Productivity growth in the United States and other industrialized nations has been slowing for a half century and hit a wall in the mid-2000s. Considering that productivity is a central determinant of economic growth, economists have devoted considerable attention to figuring out what’s wrong. Some argue that we may be measuring productivity wrong, others that we’ve hit a lull before a surge of innovations, while still others think that the most impactful advances have already been made.

But according to MIT’s Daron Acemoglu and David Autor and Chicago Booth’s Christina Patterson, the real problem is uneven innovation between industries that creates bottlenecks.

They point to batteries as an example.
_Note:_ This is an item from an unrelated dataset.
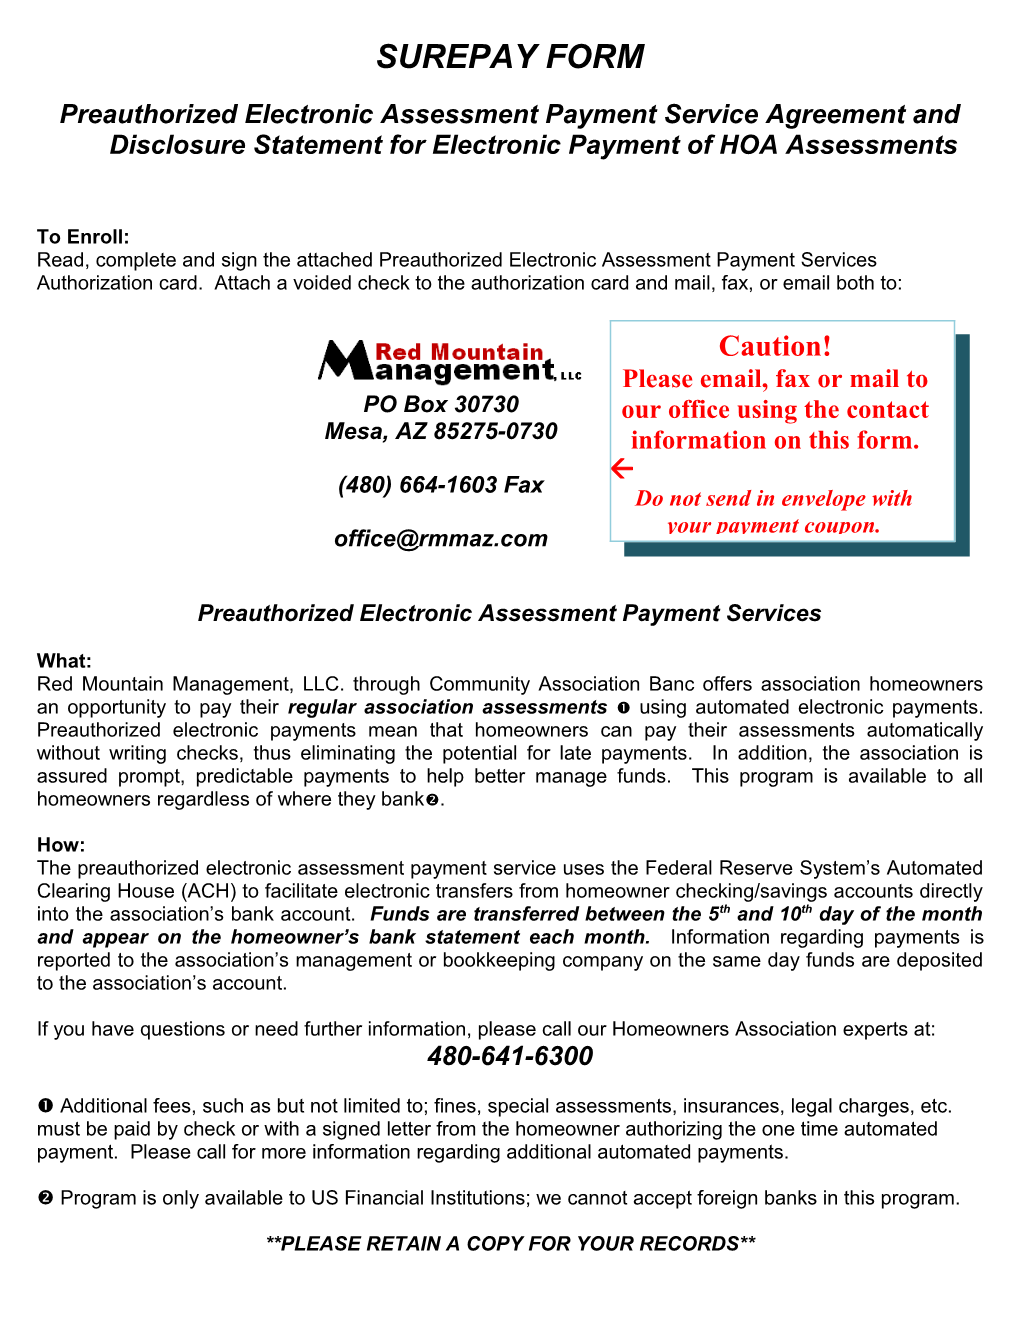 Preauthorized Electronic Assessment Payment Services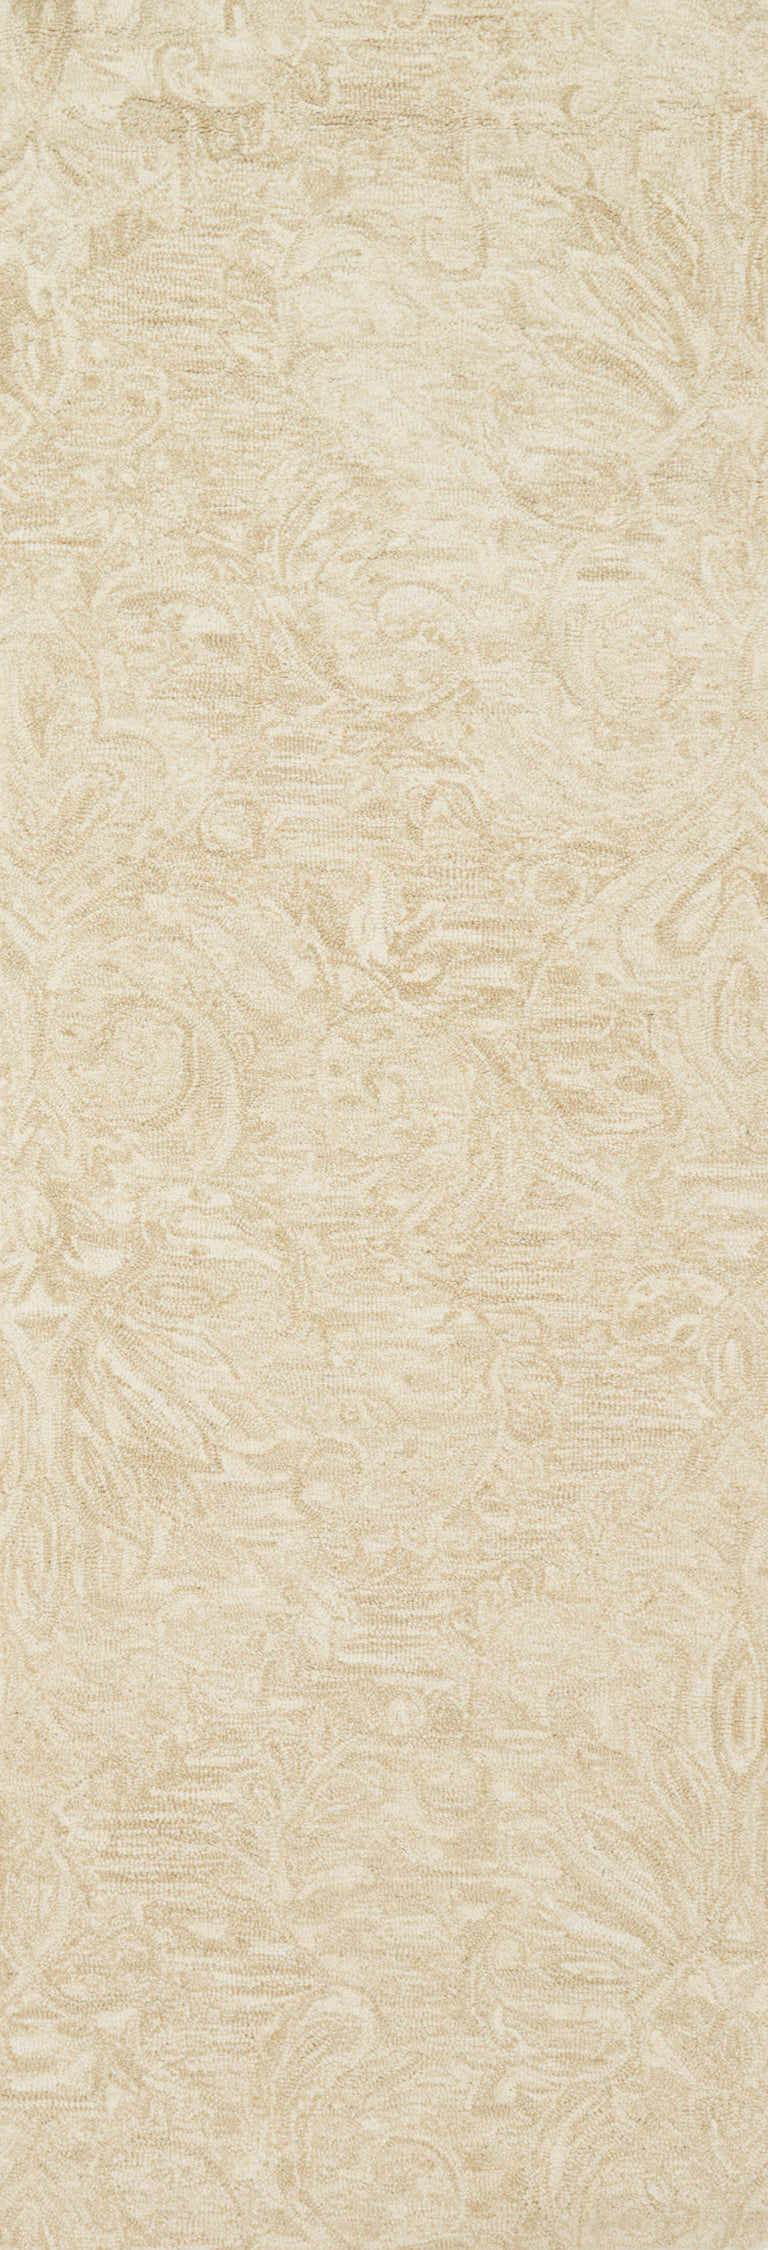 Loloi Rugs Lyle Collection Rug in Sand - 9'3" x 13'

Rechargeable batteries have been powering mobile electronic devices since the 1970s, and advances in battery technology led to the first commercially successful hybrid car, the Toyota Prius, in 1997. But despite advances in engine software and safety sensor technology, cars couldn’t run on electricity alone because, for years, batteries couldn’t store enough energy to power all-electric vehicles. Batteries turned into a bottleneck that held back the auto industry for more than a decade.

Acemoglu, Autor, and Patterson argue that every breakthrough in a given industry requires simultaneous innovation by both the end producer and all of its suppliers. If two components of a product incorporate new technology but a third supplier does not, the end product can’t incorporate any of the advances, the researchers write. That lopsided innovation causes uneven growth that can stunt economic expansion.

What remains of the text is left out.